NEW YORK — Heading into the fourth quarter, handbag makers say 1994 is turning out to be a successful year at the mass market level, thanks in large part to backpacks and other functional items.

Many major vendors are reporting year-over-year gains ranging from 5 to 20 percent. Some stretch even higher. Most say they hope to ride the crest created by this year’s big sellers into next year by expanding these categories — mini-backpacks and handbags with built-in wallets and other add-ons, for example.

The gains bode well for mass accessories business in general. Vendors say handbags are the single largest accessories category for discounters and other popular-price chains, accounting for an estimated 60 percent of volume for the department.

Among vendors, Bijoux International, a multicategory accessories company, was posting gains of 40 percent in its Eastport bag division, although it had projected only 25 percent increases here, according to Arthur Grayer, vice president of sales. The boom, Grayer said, has been almost entirely backpack-driven.

“The business has become so huge that we ended up making a bold move by phasing out our handbag line almost completely,” he noted. “It’s a piece that sells across just about every lifestyle, in every color and fabrication you can think of.”

Grayer added that his firm was pegging the backpack as next year’s runaway handbag department bestseller, as well.

John Bihn, president of Monique Handbags, said the backpack has become “the handbag of the Nineties.” He cited backpacks as a top reason for this year’s brisk pace.
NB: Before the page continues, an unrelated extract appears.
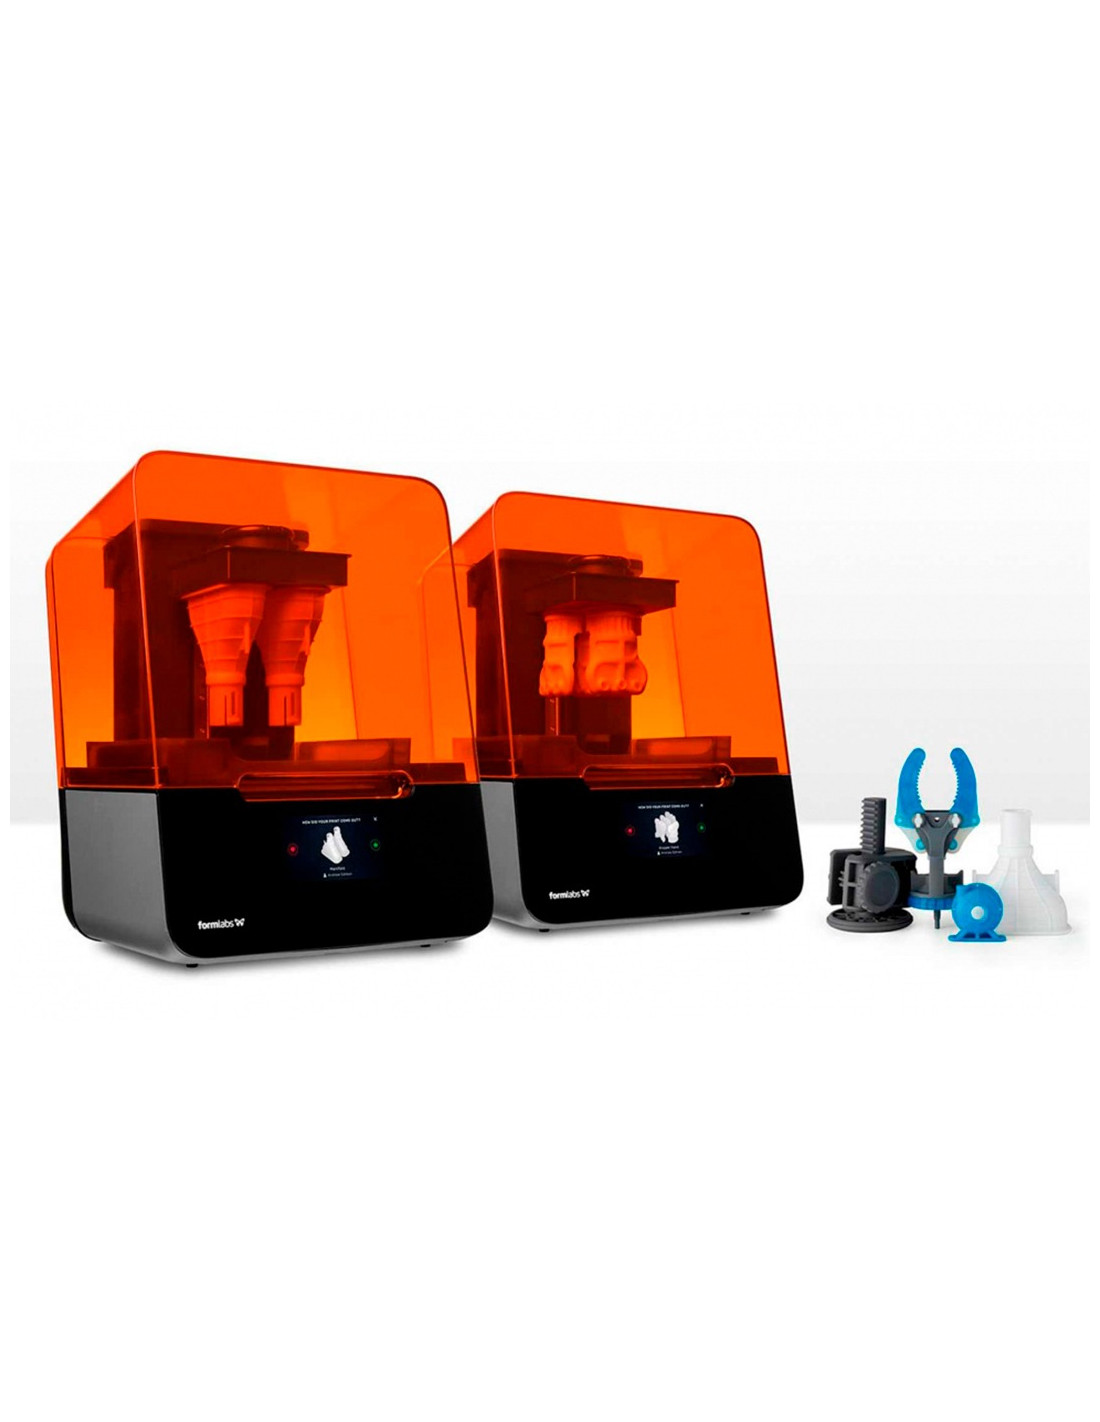 FormLabs Form 3 3D-Drucker - Basispaket
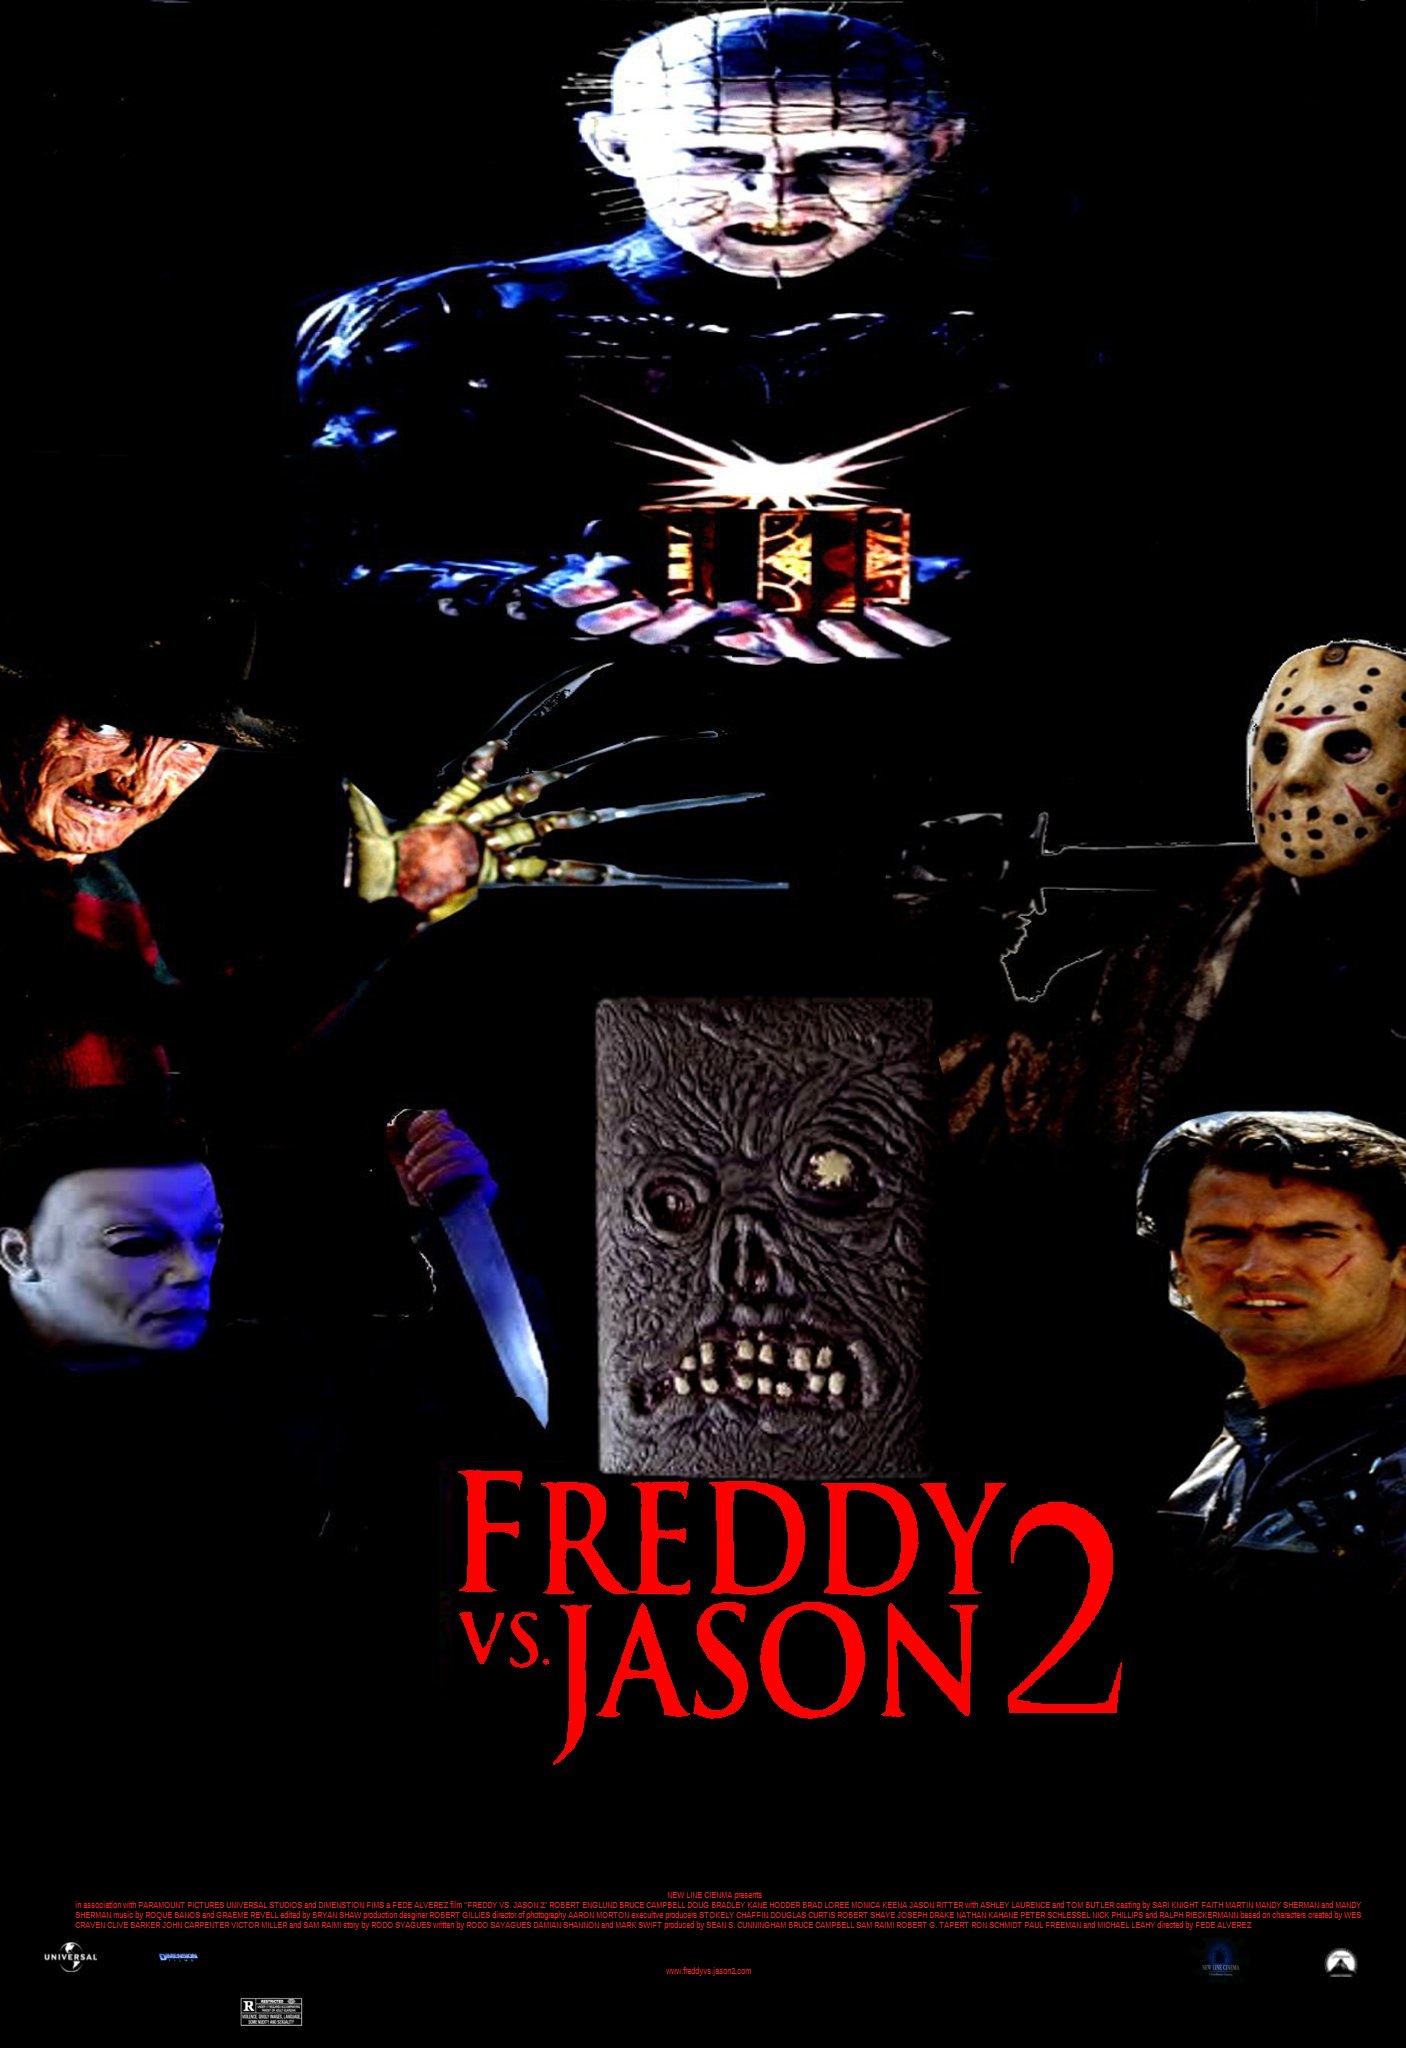 Freddy Vs Jason 2 Poster Version 1 By Steveirwinfan96 On Deviantart

The company is currently showing mini-backpacks. Bihn said he sees such items staying on a roll into next year, but added that he expected oversized tote bags to come on strong as well.

“We’ve found that after the success of very small handbags, or backpacks, in this case, very big bags tend to come into demand,” he noted.

In the meantime, to keep on top of the backpack trend, Monique is taking cues from the upscale bag business and developing sophisticated nylon models in the style of Prada and other such high-end firms.

“We’re finding that when business in better bags is strong, our business also gets hot,” Bihn said. “A budget customer is not suddenly going to start spending $300 or more on a designer nylon backpack, but she will spend a few dollars more to get that same sort of look in a budget bag.”

Monique has had success this year in multifunctional handbags, he noted.

An emphasis on function has been key for Baggo Imports, according to Adriane Geiger, merchandise manager.

“Multicompartmental bags with value-oriented add-ons have been among our top growth items this year,” said Geiger, who said her company is posting moderate increases.

“When a bag comes with a four-in-one wallet attached at little or no extra cost, the amount of value perceived by the consumer increases exponentially,” she pointed out. “It’s what people are really looking for now, more for the money.”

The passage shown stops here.